Un film émouvant sur un véritable chef-d’œuvre littéraire : l’échange épistolaire que le peintre entretenait avec son frère Théo, en qui il trouvait une personne à l’écoute de ses tourments et angoisses, et qui l’a soutenu jusqu’au bout.
La sensibilité à fleur de peau de Vincent ressort avec force dans son style à la fois poétique, précis et poignant. Les lettres sont lues par le comédien Philippe Clévenot et commentées par Pierre Dumayet.
Extrait d’un article de Harry Bellet (Le Monde, le 22 mars 2003)
Le réalisateur Robert Bober ne craint pas la difficulté. Les lettres adressées par Vincent Van Gogh à son frère Théo sont un des plus beaux moments de l’art épistolaire du XIXe siècle, et une clé pour la connaissance du peintre. Les transcrire dans un film relève de la performance.
D’autant que l’expérience avait été déjà tentée, en 1990, par Robert Altman (Le Monde du 15 mai 1990), qui s’en était tiré avec un très long métrage – plus de trois heures de projection. La présente émission ne dure que cinquante-deux minutes. C’est peu, et c’est beaucoup. […]
La correspondance de Vincent à Théo témoigne de la réelle humanité du peintre, de sa profondeur de pensée, et de la conscience qu’il a de faire, selon ses propres termes, « une peinture de voyou. » […]
Robert Bober refuse de créer une fiction. Les décors sont minimaux, sorte d’usine néo-gothique en ruine, ou librairie sombre. Le lecteur, Philippe Clévenot, une « gueule », s’il en fut, dit son texte d’une voix profonde de vieux fumeur blessé par la vie, voix étonnante, irritante au début, envoûtante à la fin.
Clévenot, acteur immense, a, depuis le tournage, rejoint Van Gogh au paradis des artistes ( Le Monde du 22 octobre 2001). Pour lui, il faut regarder ce film. Là-haut, Vincent a déjà dû faire son portrait.
« S’il arrive un malheur, nous le braverons ensemble ; mon frère, demeurons fidèles l’un à l’autre. »
Vincent Van Gogh à Théo, 1883.
Les deux tombes de Vincent et Théo Van Gogh, au cimetière d’Auvers-sur-Oise.
Robert Bober est un réalisateur, metteur en scène et écrivain français d’origine allemande, né en 1931 à Berlin. Réalisateur pour la télévision depuis 1967, il est l’auteur de près de cent-vingt films documentaires.
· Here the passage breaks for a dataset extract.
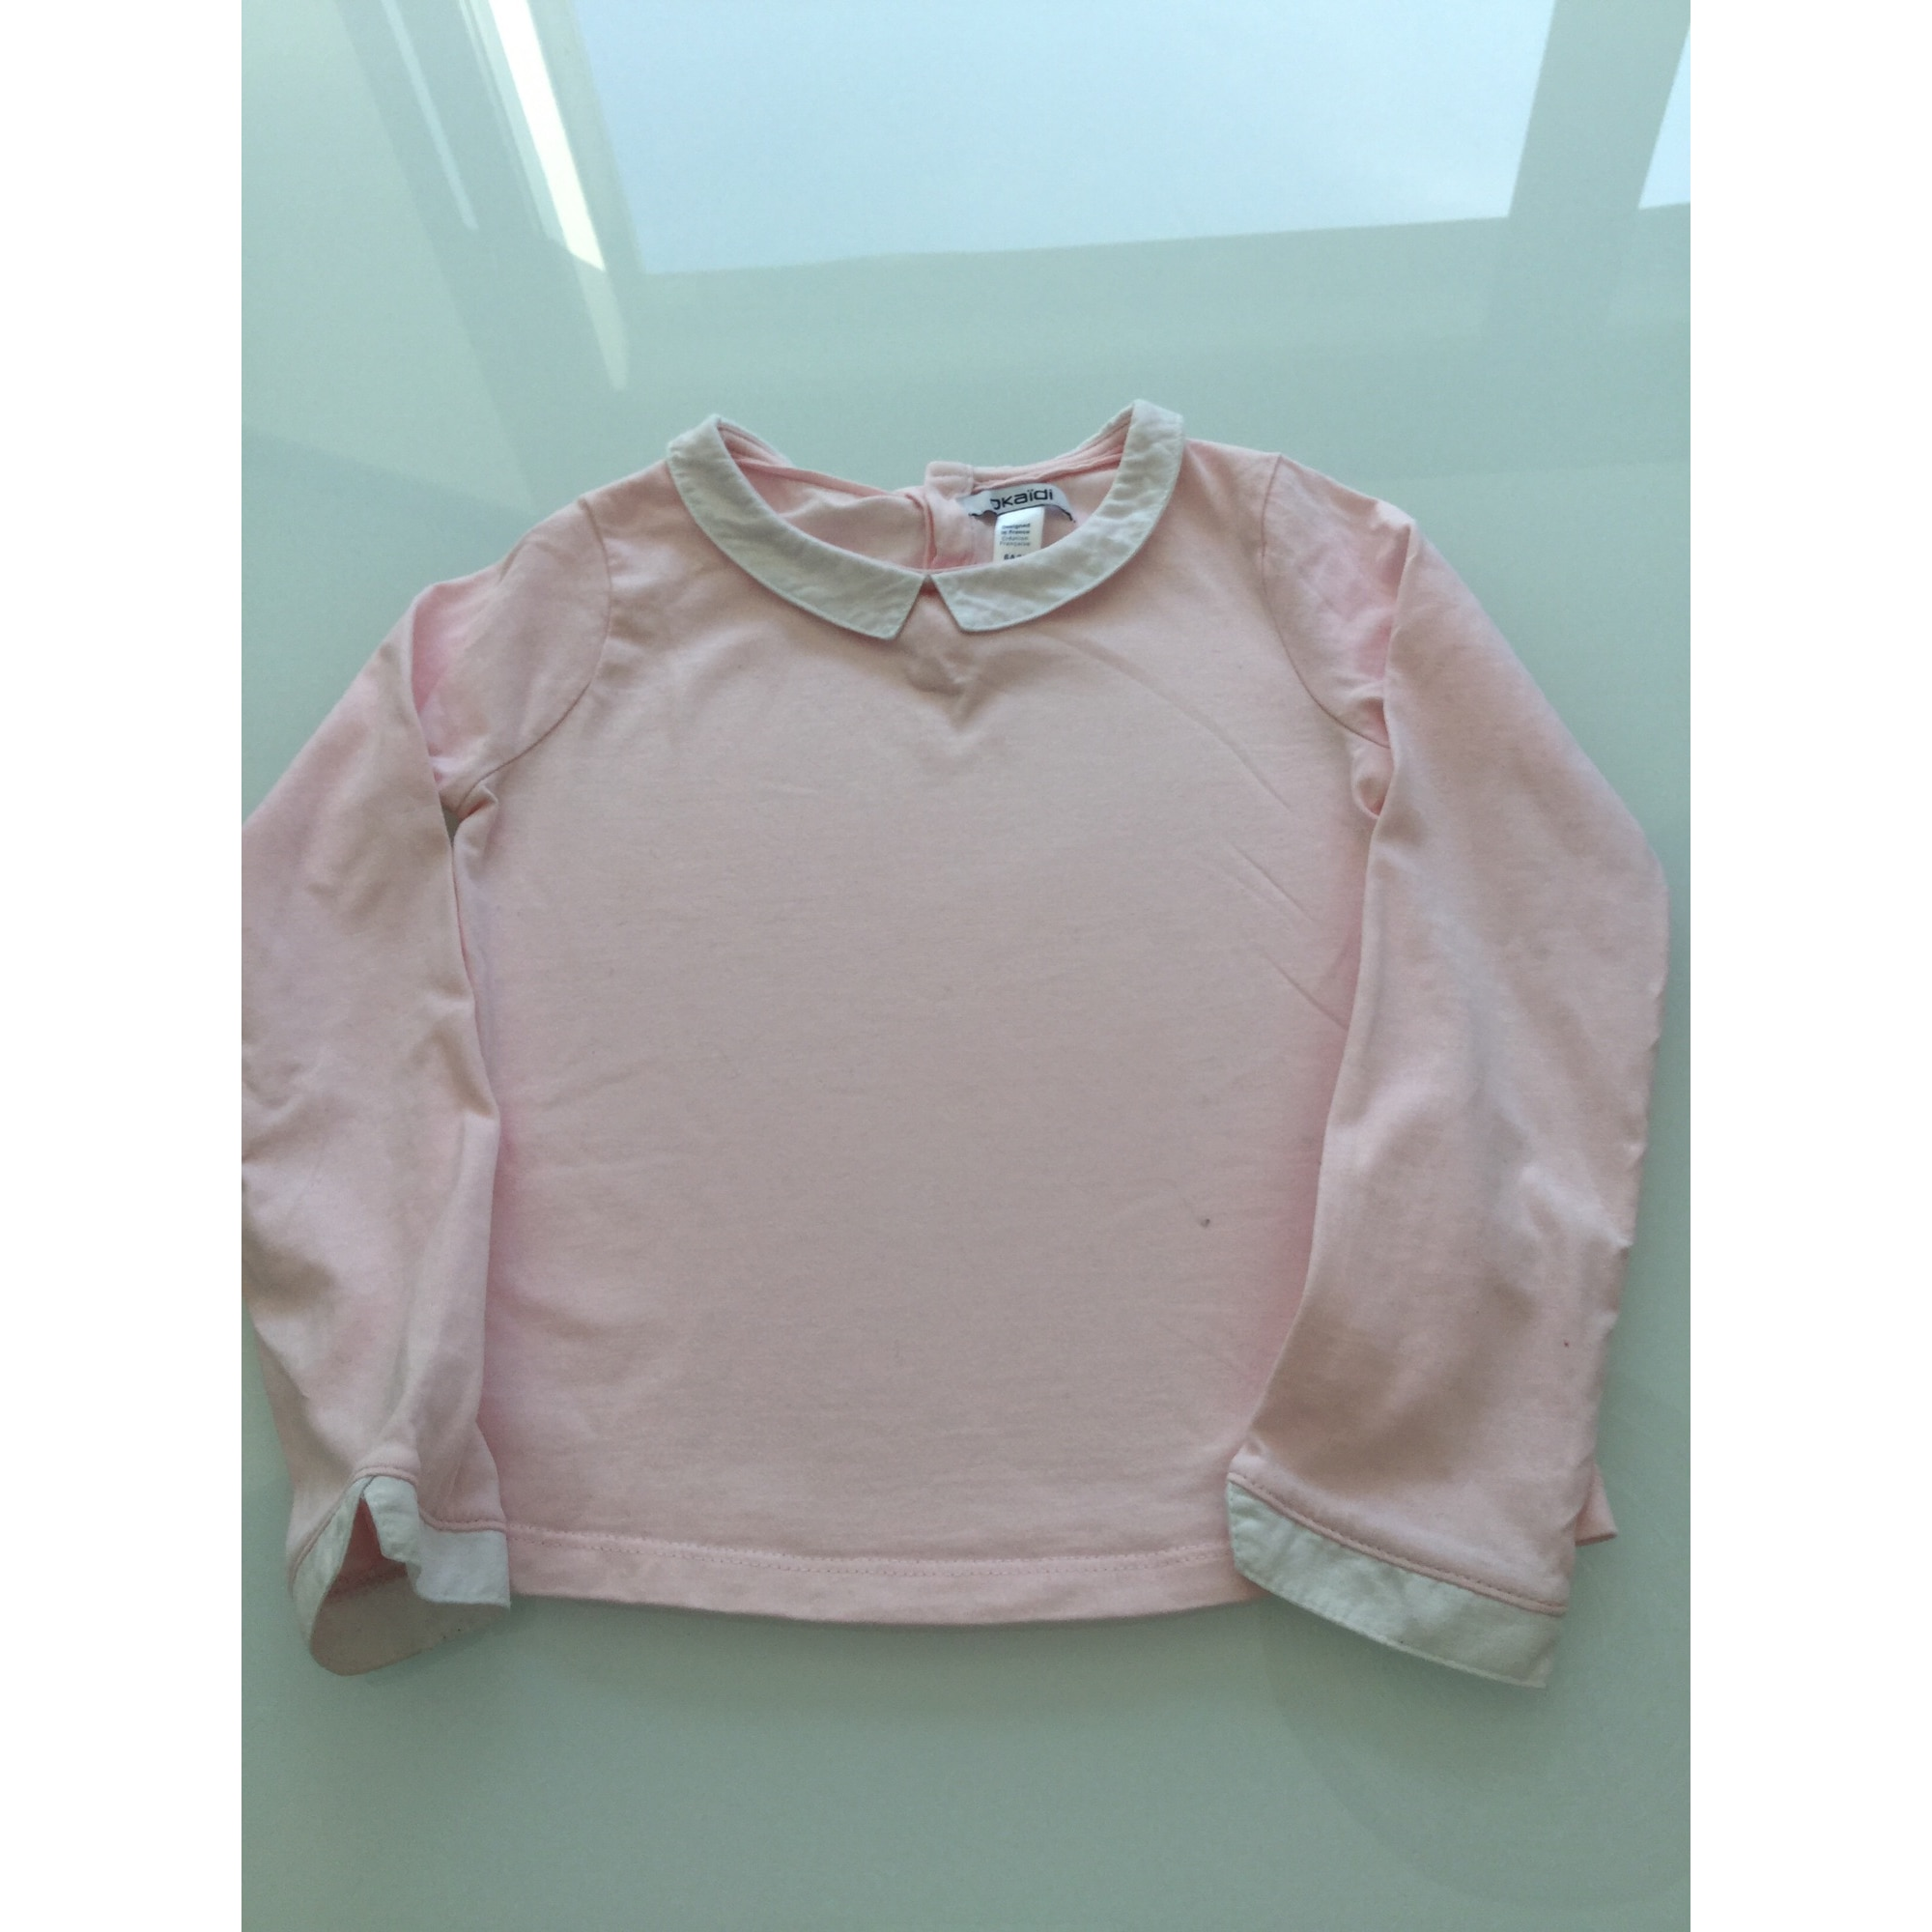 Top, Tee-shirt OKAÏDI Rose, fuschia, vieux rose

En août 1933, la famille Bober fuit le nazisme et s’installe à Paris. Robert Bober quitte l’école après le certificat d’études primaires. Il a été successivement tailleur, potier et éducateur. Dans les années cinquante, Bober rencontre François Truffaut, puis devient son assistant sur les films “Les Quatre Cents Coups “(1959), “Tirez sur le pianiste” (1960) et “Jules et Jim” (1962).
Dans les années 60 et 70, ses films explorent principalement la période de l’après-guerre et les conséquences de l’Holocauste.
En collaboration avec Pierre Dumayet, il réalise des portraits d’auteurs tels que Paul Valéry, Gustave Flaubert ou encore Georges Perec. En 1979, il réalise un documentaire en étroite collaboration avec ce dernier, “Récits d’Ellis Island”.
Pour la collection “Lire, c’est vivre” (de 1977 à 1985), toujours avec Pierre Dumayet, il réalise de nombreuses émissions sur la culture juive : “Les Récits hassidiques”, “Gog et Magog”, deux émissions d’après Martin Buber, “Du côté du Talmud”, mais aussi “Le Compagnon du tour de France” de George Sand, “Les Dernières Cartes” d’Arthur Schnitzler, “Pierrot mon ami” de Raymond Queneau ; un travail de mémoire imprègne ses films.
Aujourd’hui, considéré comme l’un des réalisateurs de documentaires les plus renommés notamment en France, il anime et participe à différentes rencontres publiques, des ateliers, ainsi que des débats et dialogues en milieux universitaire et scolaire.
Il a écrit plusieurs livres, tous édités par P.O.L. : “Quoi de neuf sur la guerre” ? (1993), “Berg et Beck” (1999), “Laissées-pour-compte” (2005), “On ne peut plus dormir tranquille quand on a une fois ouvert les yeux” (2010). En 2017 est paru un livre tiré de son film “Vienne avant la nuit”, qui reprend des images du film ainsi que son titre, des documents historiques, le texte écrit par Robert Bober lui-même et qu’il dit en voix off, augmenté par rapport au film. À lire aussi : “Par instants, la vie n’est pas sûre”, souvenirs des années de créations partagées avec Pierre Dumayet.
Robert Bober a obtenu le Grand Prix de la SCAM 1991 pour l’ensemble de son oeuvre.